Bjugstad has 17 points in his last 18 games. It’s as if his last two injury-filled seasons put his career on hold and this year he’s finally resuming his career again — sort of a third attempt at his third NHL season. Last year was so horrible that we, along with most people, had completely written him off. But if he’s finally put injuries behind him, he’s a great candidate for another step forward next year as a 26-year-old. Think of a point output in the mid-50s.

19. The Blackhawks knew what they were doing when they traded Ryan Hartman to the Predators. We had never been impressed with him as a prospect and then we were shocked when he became an NHL regular last year. We were shocked once again when he began this season with five big games. But he’s since come back down to earth and now he’s just another depth guy. Really not impressed with what we’ve seen, nor the stat trends with him.
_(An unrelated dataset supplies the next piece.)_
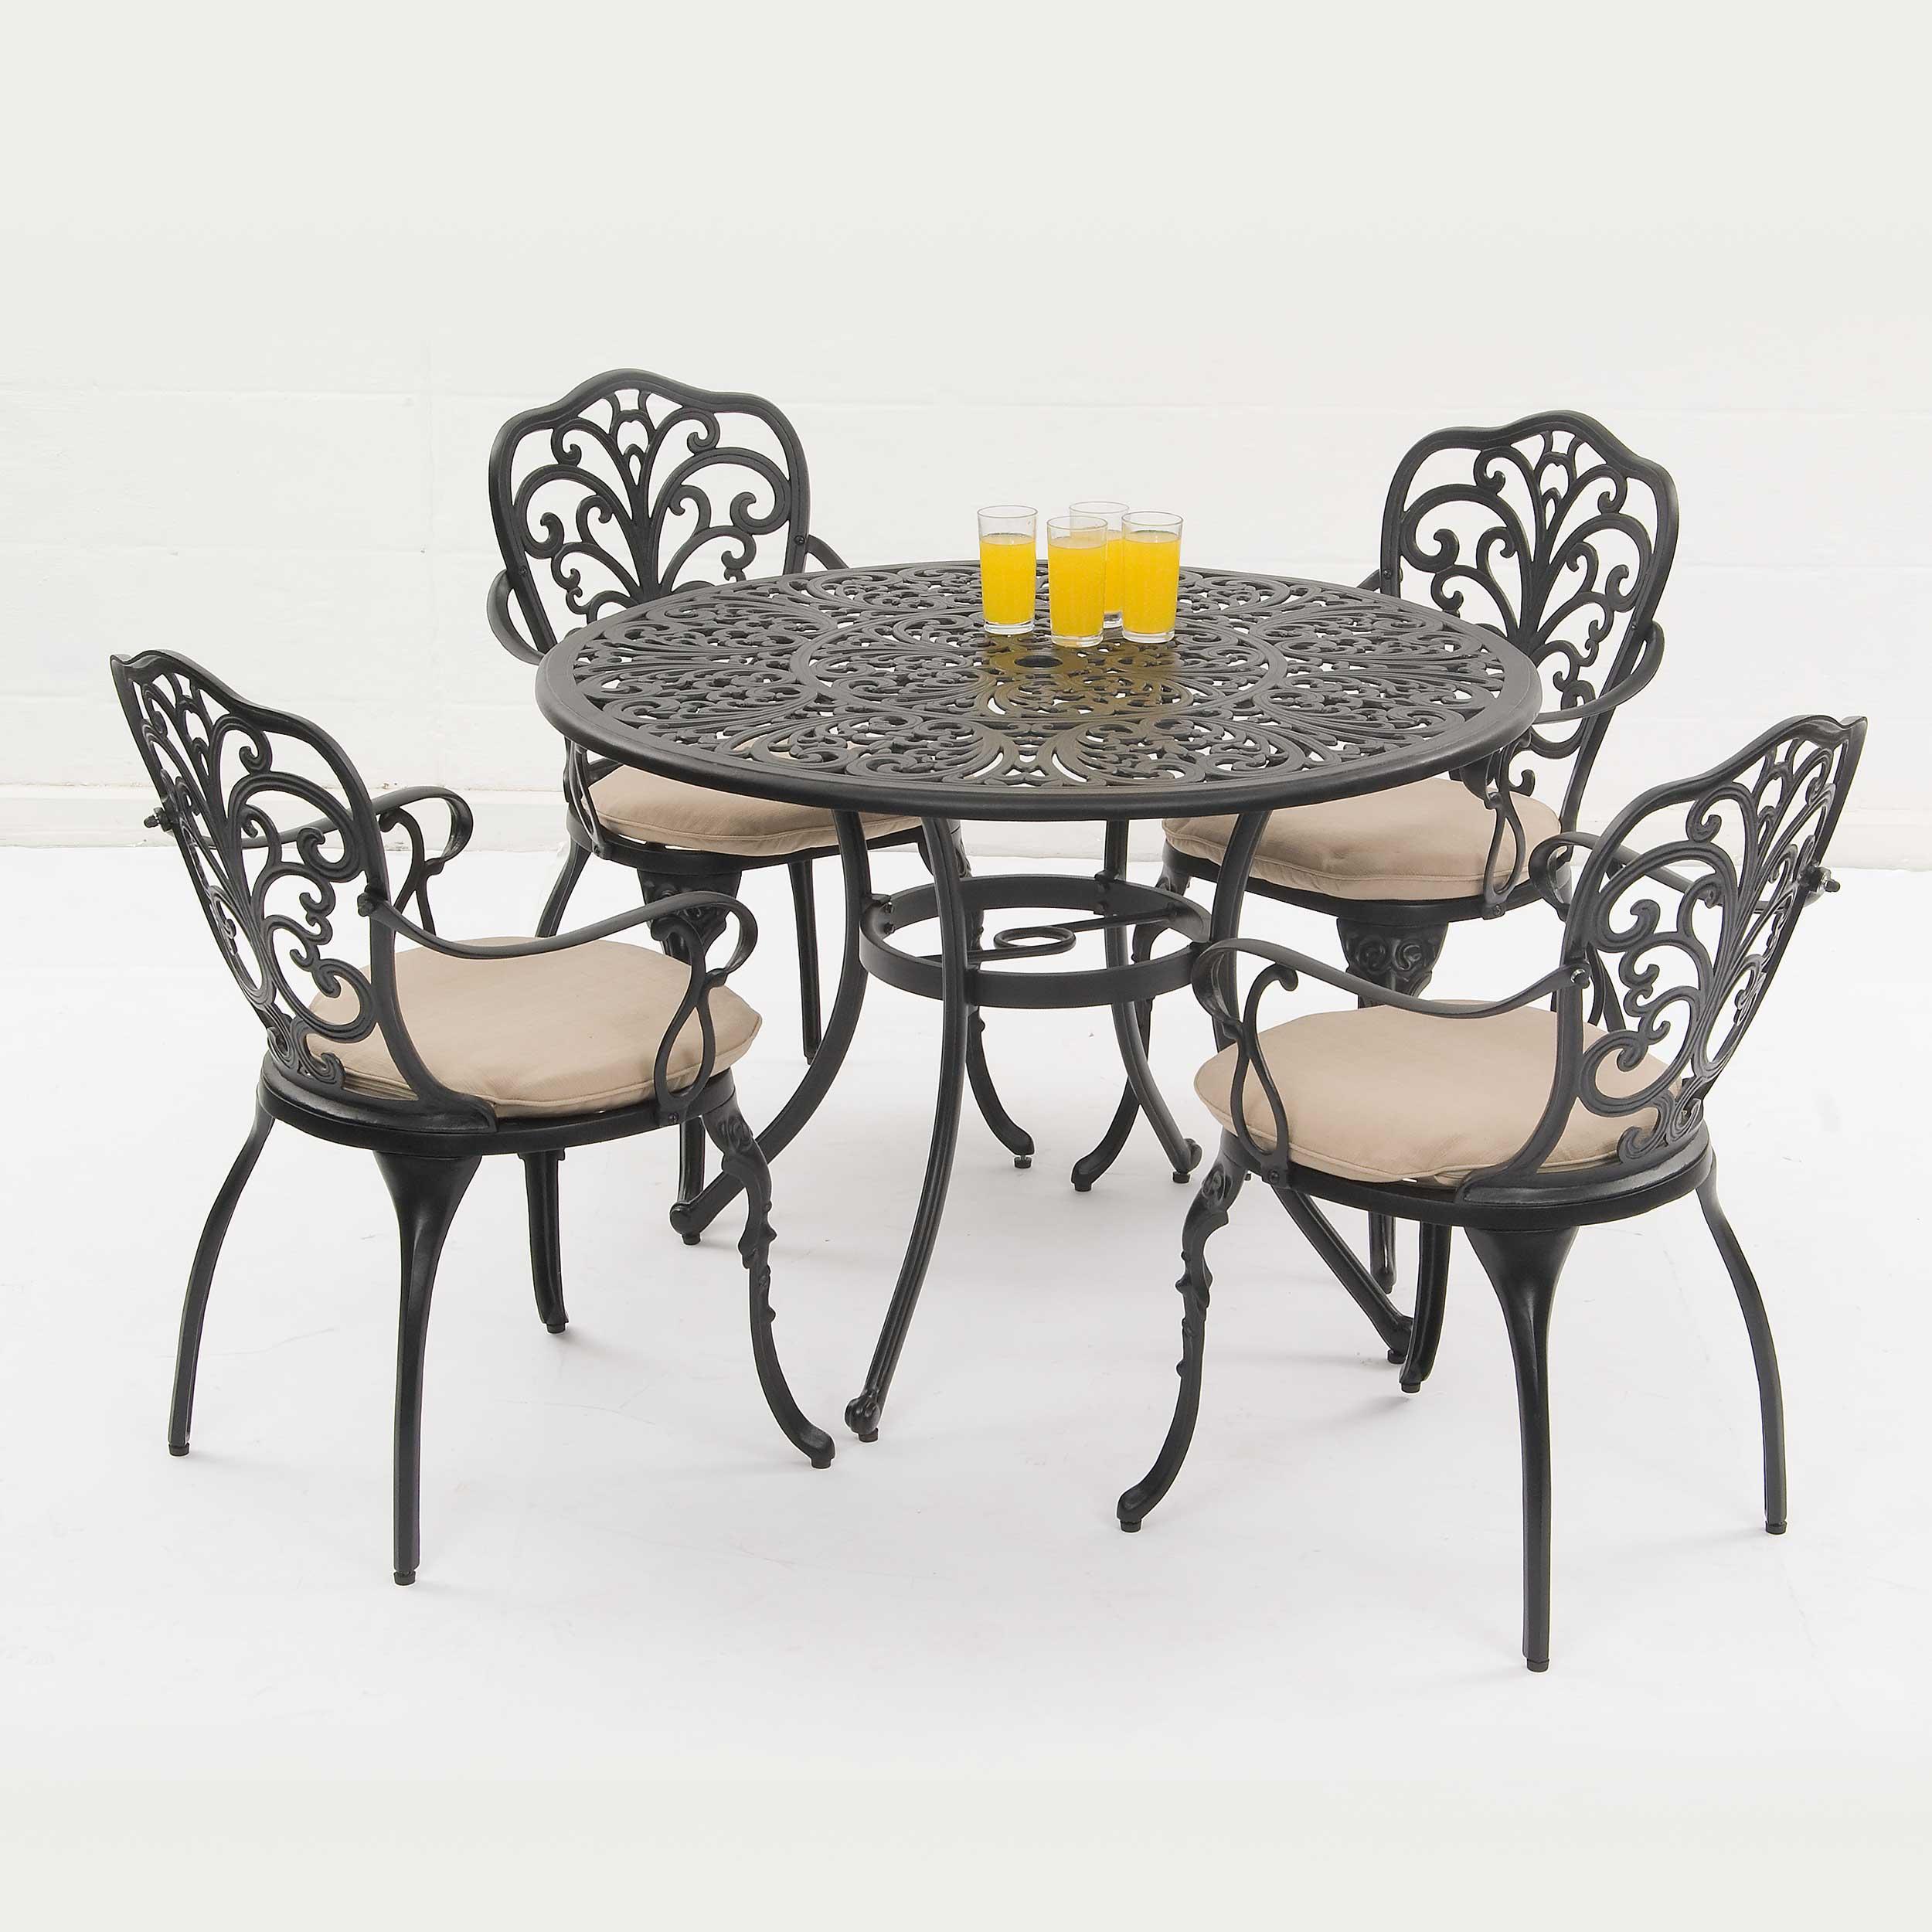 Suntime Sussex Black 7 Piece Garden Dining Set

The Hawks got a first-round pick and a solid prospect in Victor Ejdsell.

20. Man, what could have been with Ryan Ellis this year. If he can stay healthy, he can outproduce P.K. Subban and Roman Josi and perhaps even hang up there with Erik Karlsson, John Klingberg, Brent Burns, and Shayne Gostisbehere. Ellis has 22 points in 30 games, and 13 points in his last 11 games. Keep in mind that he needed a few games as a ‘training camp’ of sorts. At 27, he’s in his prime. The problem is, he missed 38 games this year, 11 last year, three the year prior, and 24 the season before that. That’s 76 games missed in four seasons. Or, 19 per season. But man, we’re very bullish on him next year if you don’t mind a 65-game player.